I have written code in R now, using packages raster and rgdal. It works great in the sense that it has a functionality to calculate the weighted average per sub-basin; it checks which fraction of a raster cell falls within the polygon and uses this to calculate a weighted average for the polygon. Because some of the sub-basins are small in comparison to the raster, this is a great feature. And in addition, because I can access the shapefile information such as the area of the sub-basins, I can calculate a weighted average for the whole watershed.

However - this is slow. It also says it in the description of the function extract(). Calculating the weighted value takes 4-5 seconds, so when I ran this script for 30 years worth of monthly data, it took 37 minutes (there are a few more calculations besides the weighted average).

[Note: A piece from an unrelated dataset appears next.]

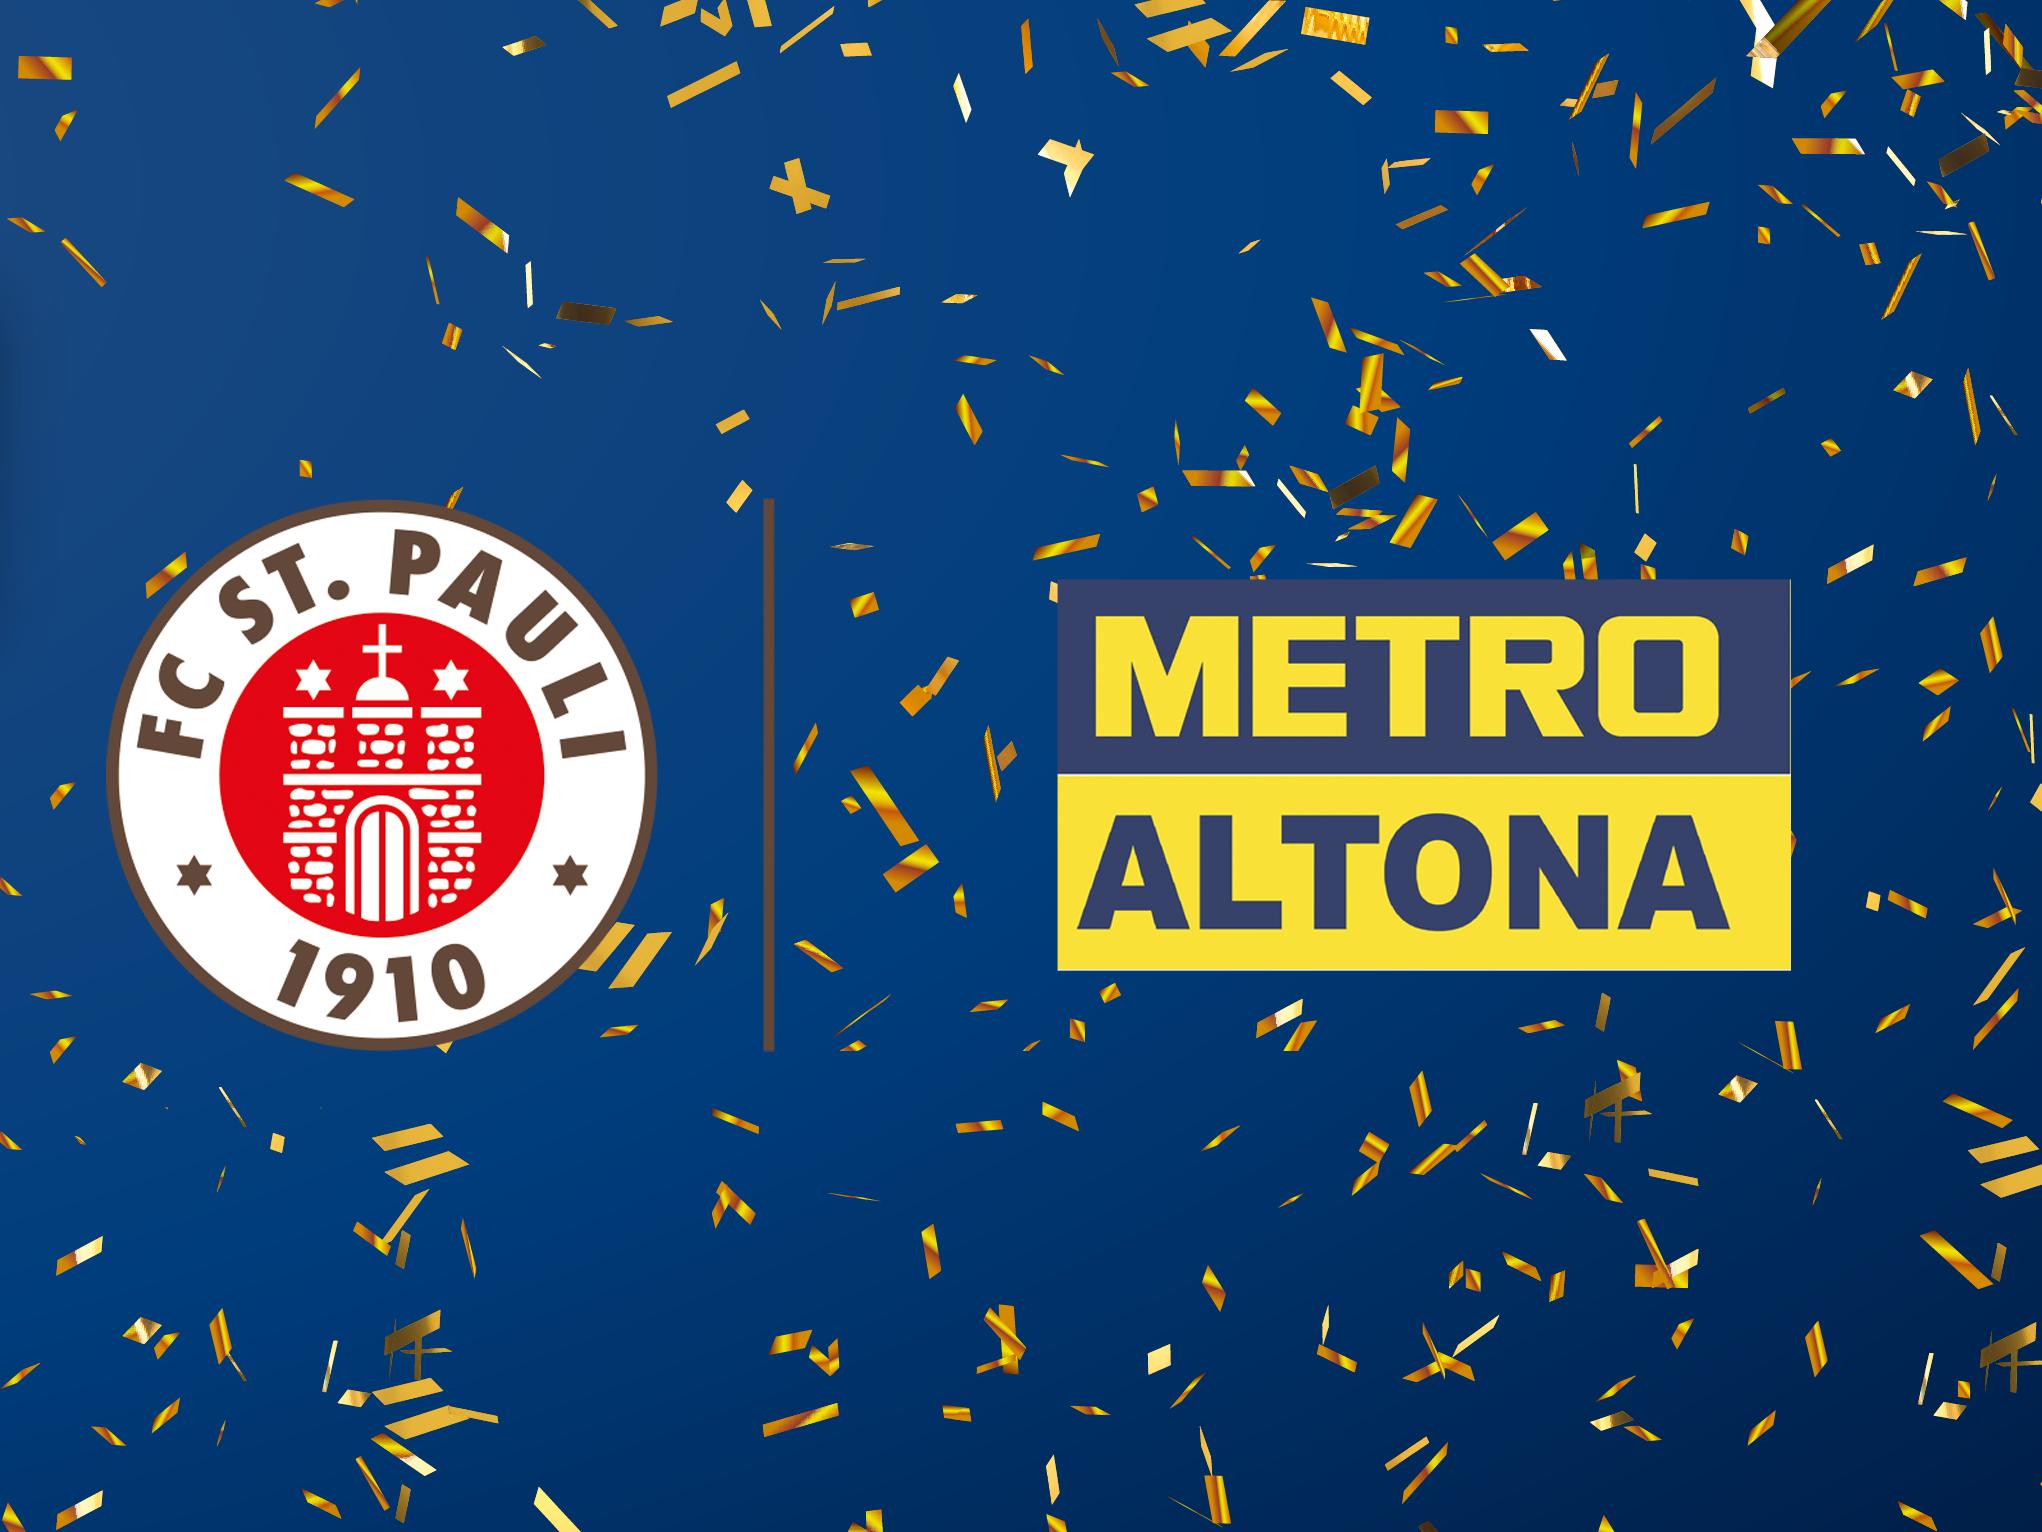 Metro Altona feiert Jubiläum

I have a feeling it might be faster to use Python, but I am not sure how to approach this. I did get started with this before the R code (see below) but shifted my attention to R. It seemed a bit daunting since it's been a while that I coded in Python, and I've never used Python for geospatial analyses.

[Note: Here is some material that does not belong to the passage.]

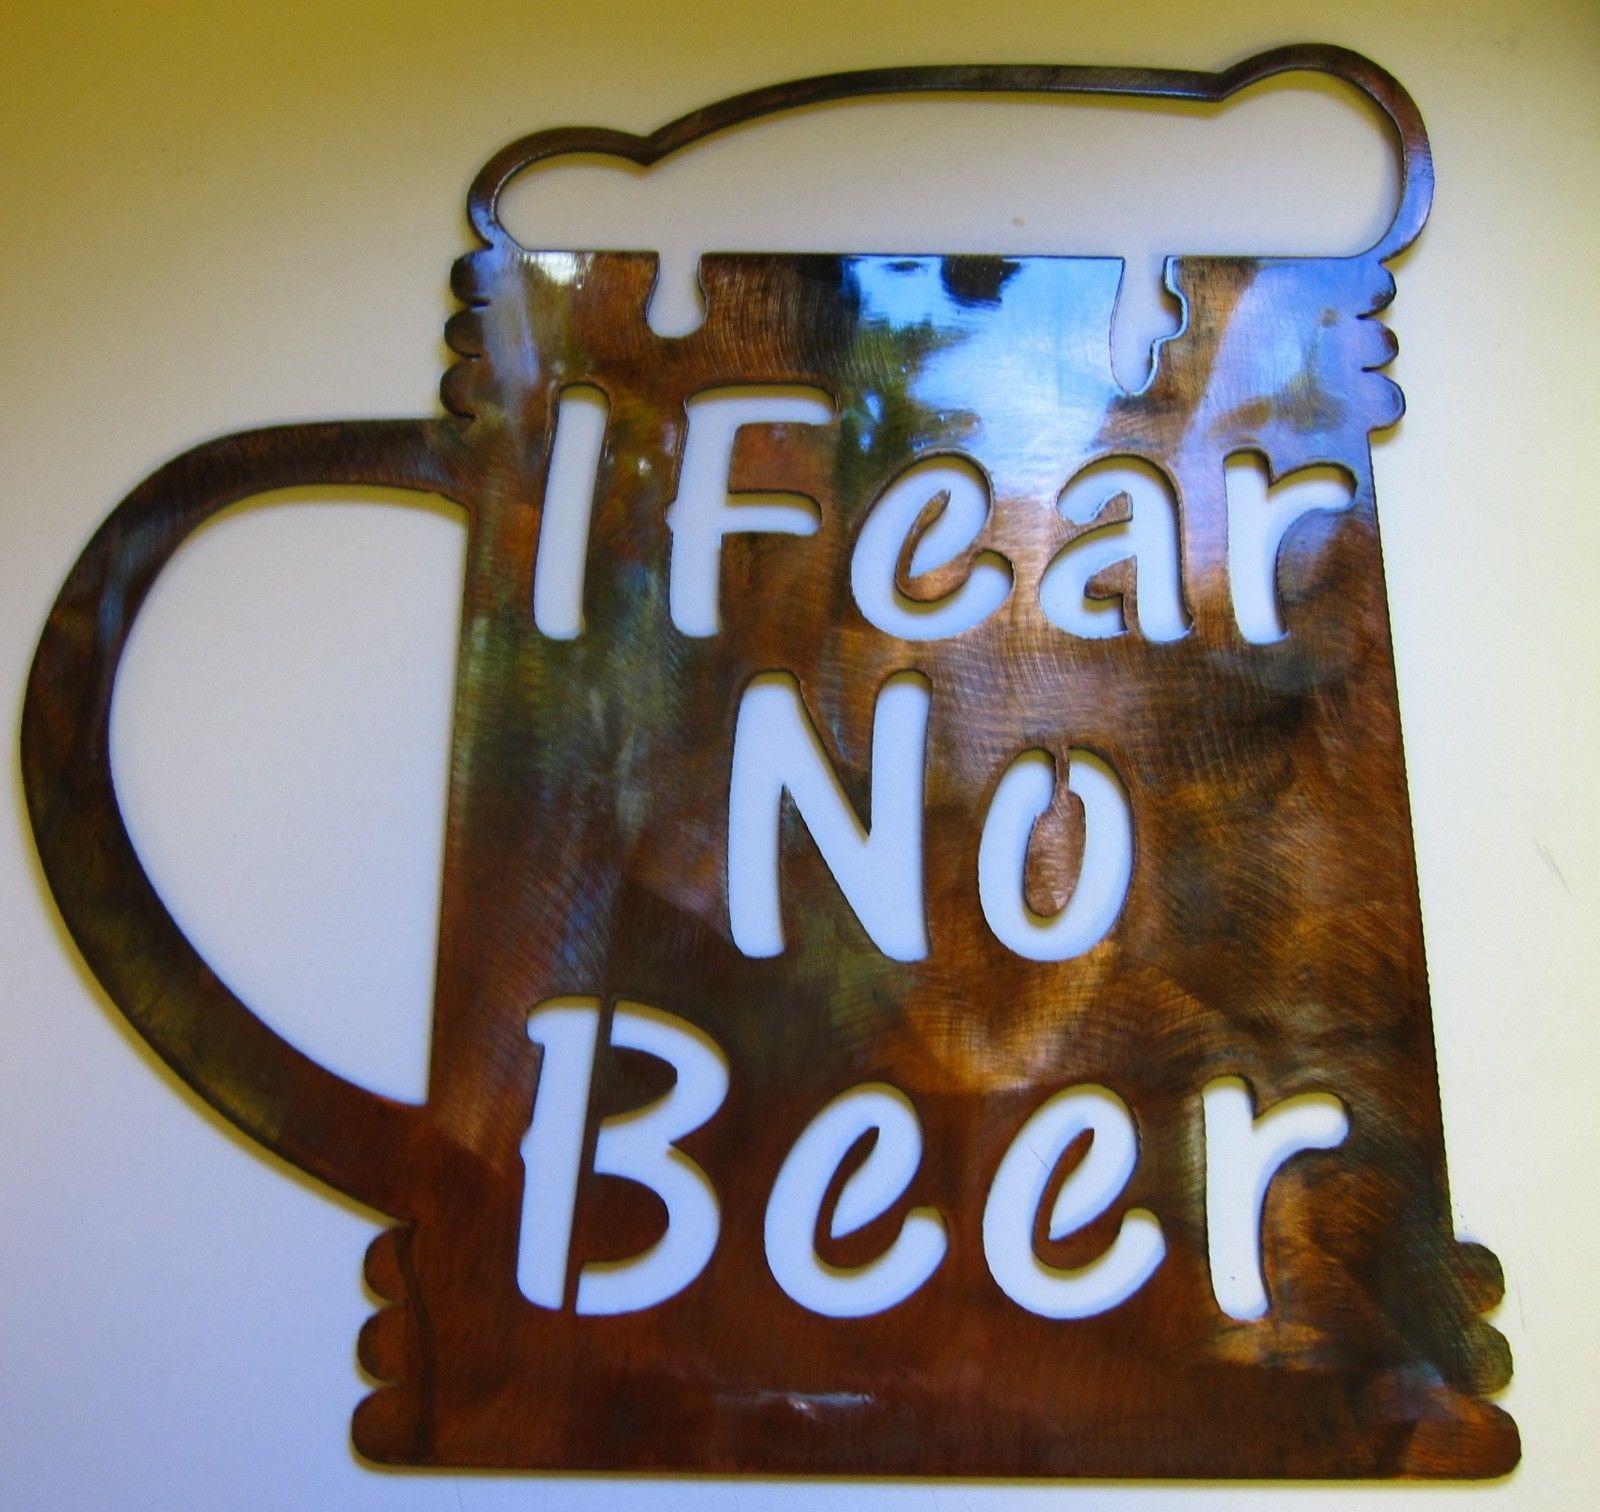 I Fear No Beer Metal Wall Art Decor

Also, an initial test seems to show that in Python, there is no weighted averaging happening, and that small polygons that do not contain the center of a raster cell, get assigned 0 or None.

So my questions are:

  1. If it is possible in Python, will weighted averaging that way be faster?
  2. How to access other data associated with the shapefile (such as area)?

Below is the very very basic code I have so far.

    from rasterstats import zonal_stats
    import gdal

    basin="Steinhatchee_Project.shp"
    rain="PRISM_ppt_stable_4kmM3_201504_bil.bil"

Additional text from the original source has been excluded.